The results of those tests are reported in FIG. 6. As is clearly demonstrated by the data points for each membrane, the concentration in the MTBE reservoir decreased over time in all cases. Therefore, MTBE transport was possible and taking place through each membrane.

The rate of MTBE transport, the reduction in MTBE concentration per unit time, was expected to decrease over the course of the experiments. The driving force for the transportation of the MTBE across the membrane was the differential in concentration between the reservoirs. As the MTBE concentration in the upstream reservoir decreased and it increased in the downstream reservoir, the difference in concentration would also decrease. The smaller differential is tied directly to a smaller driving force and a decreased rate of MTBE transport. With decreasing rate of transport, the differential between the two reservoirs would decrease at ever lower rates, and so, as the system approached some equilibrium between the two reservoirs, the concentration was expected to asymptotically approach a level. Linear, polynomial, and exponential trend lines were generated for the data, but the fit with the highest R2 was a logarithmic trend line. From these lines of best fit, a comparison of the permeabilities of the three membranes to MTBE was made possible.

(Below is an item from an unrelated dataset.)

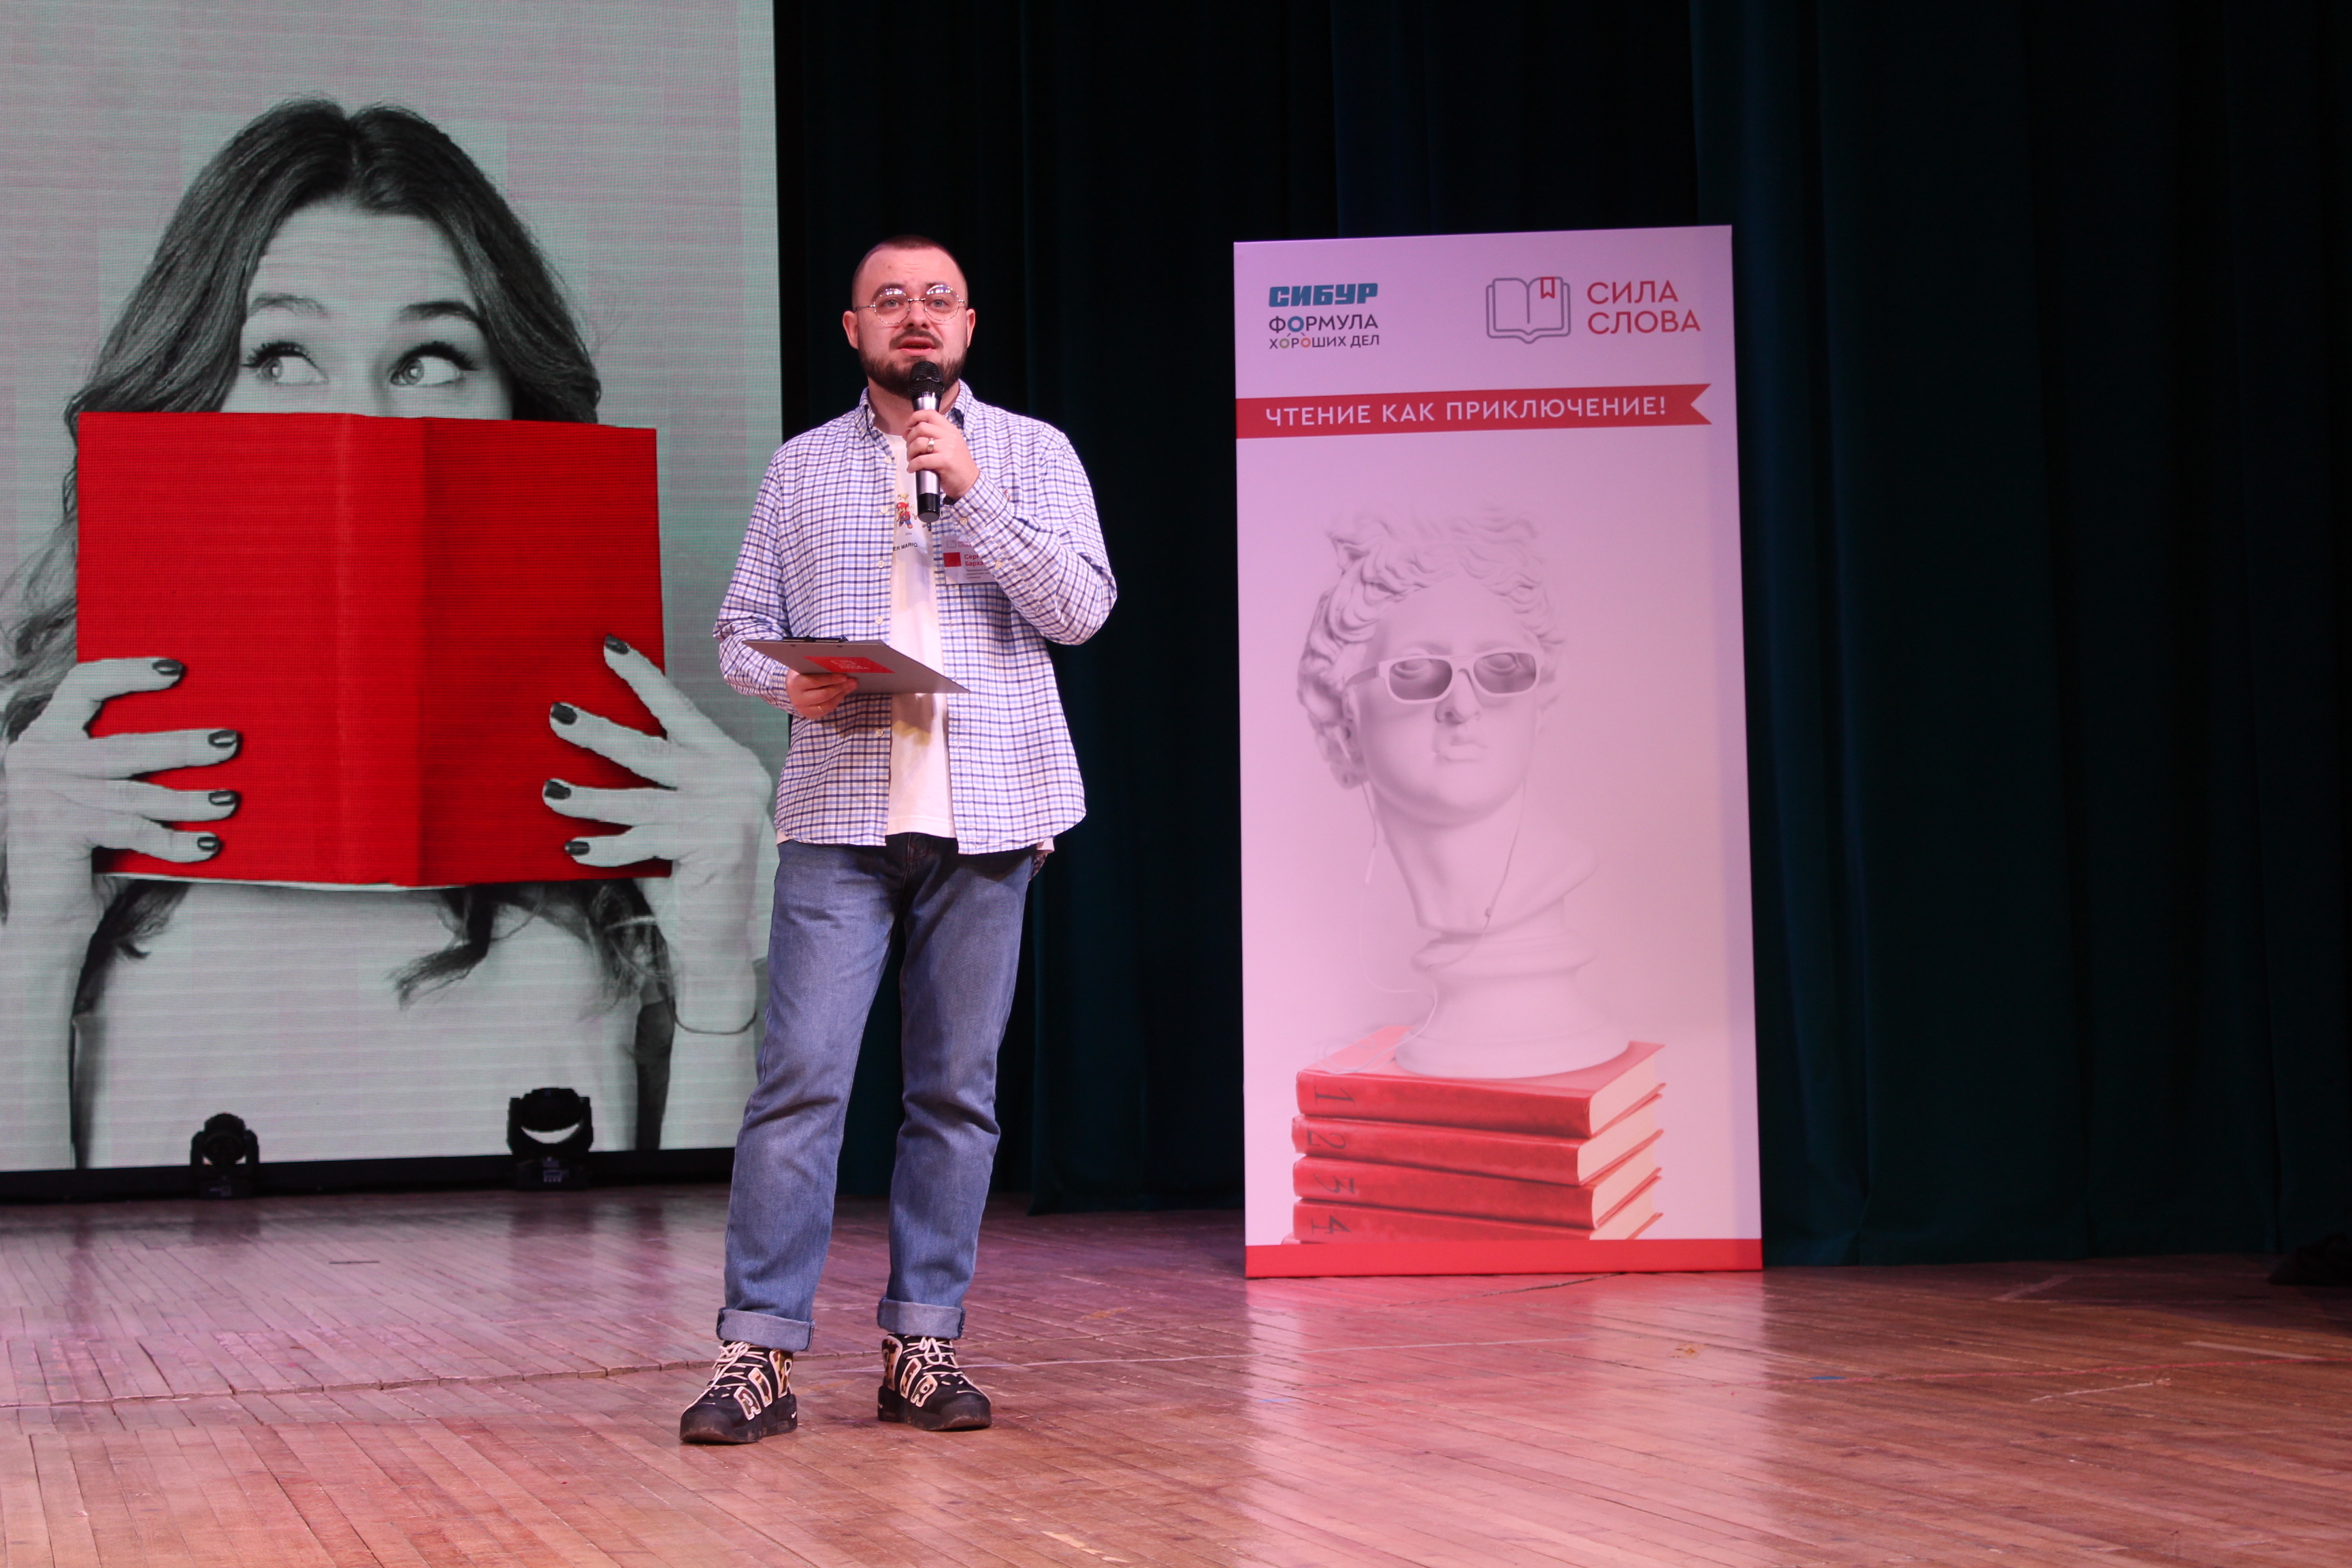 В Башкирию на семейный литературный фестиваль приехал известный российский писатель Денис Драгунский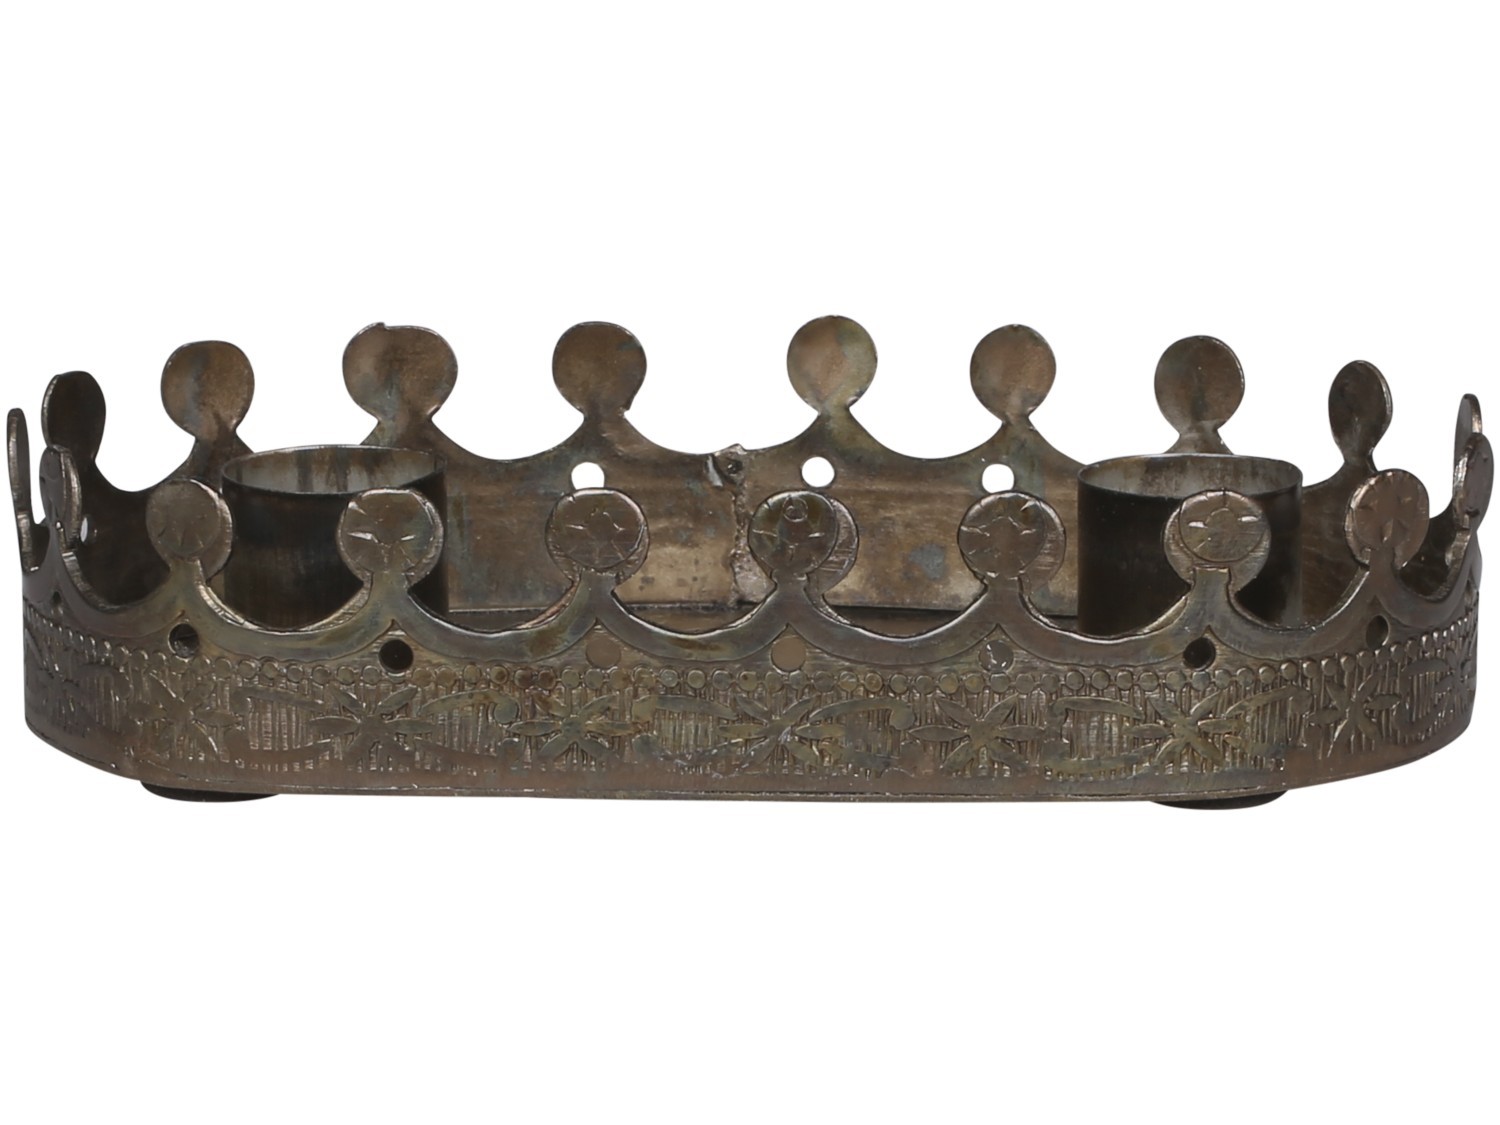 Mosazný antik kovový svícen na 2 úzké svíčky Crowy - 15*8*3cm Chic Antique

As seen in Table 5, polypropylene transport MTBE at the slowest rate, with a logarithmic factor of −56.1. Nylon transports MTBE at a higher rate, with a logarithmic factor of −61.1, but it is Teflon that exhibits the highest rate of transport. The logarithmic factor for Teflon, as calculated from our experimental results, was −73.6. Because Teflon displayed the highest rate of MTBE transport, the focus of the remainder of the project shifted to the Teflon film alone. The other membranes, nylon and polypropylene were not used in any subsequent tests.

TABLE 5

Logarithmic Lines of Best Fit for MTBE Transport to Water

Logarithmic Lines of Best Fit for MTBE Transport to Water Reservoir

Logarithmic

Membrane
Equation
Factor
Revalue

Nylon
y = −61.1 ln(x) +
−61.1
0.977

564.0

Polypropylene
y = −56.1 ln(x) +
−56.1
0.962

605.7

Teflon
y = −73.6 ln(x) +
−73.6
0.993

475.0

Objective 4: MTBE Transport and Fenton's Oxidation

After removing the MTBE contamination from a water source, it must be degraded into lesser forms that do not conflict with health standards. Fenton's oxidation reactions, which are a specific set of oxidation reactions, have been shown to help meet that requirement of a remediation system. However, these reactions are quite aggressive and so polymer membranes used in the methods of the invention must be able to withstand attack by the solution. Only the membrane displaying the most rapid transport of MTBE in the previous round of testing was used in subsequent tests. The polymer membranes were tested via separate experiments to ensure that they did not allow the passage of iron ions or hydrogen peroxide.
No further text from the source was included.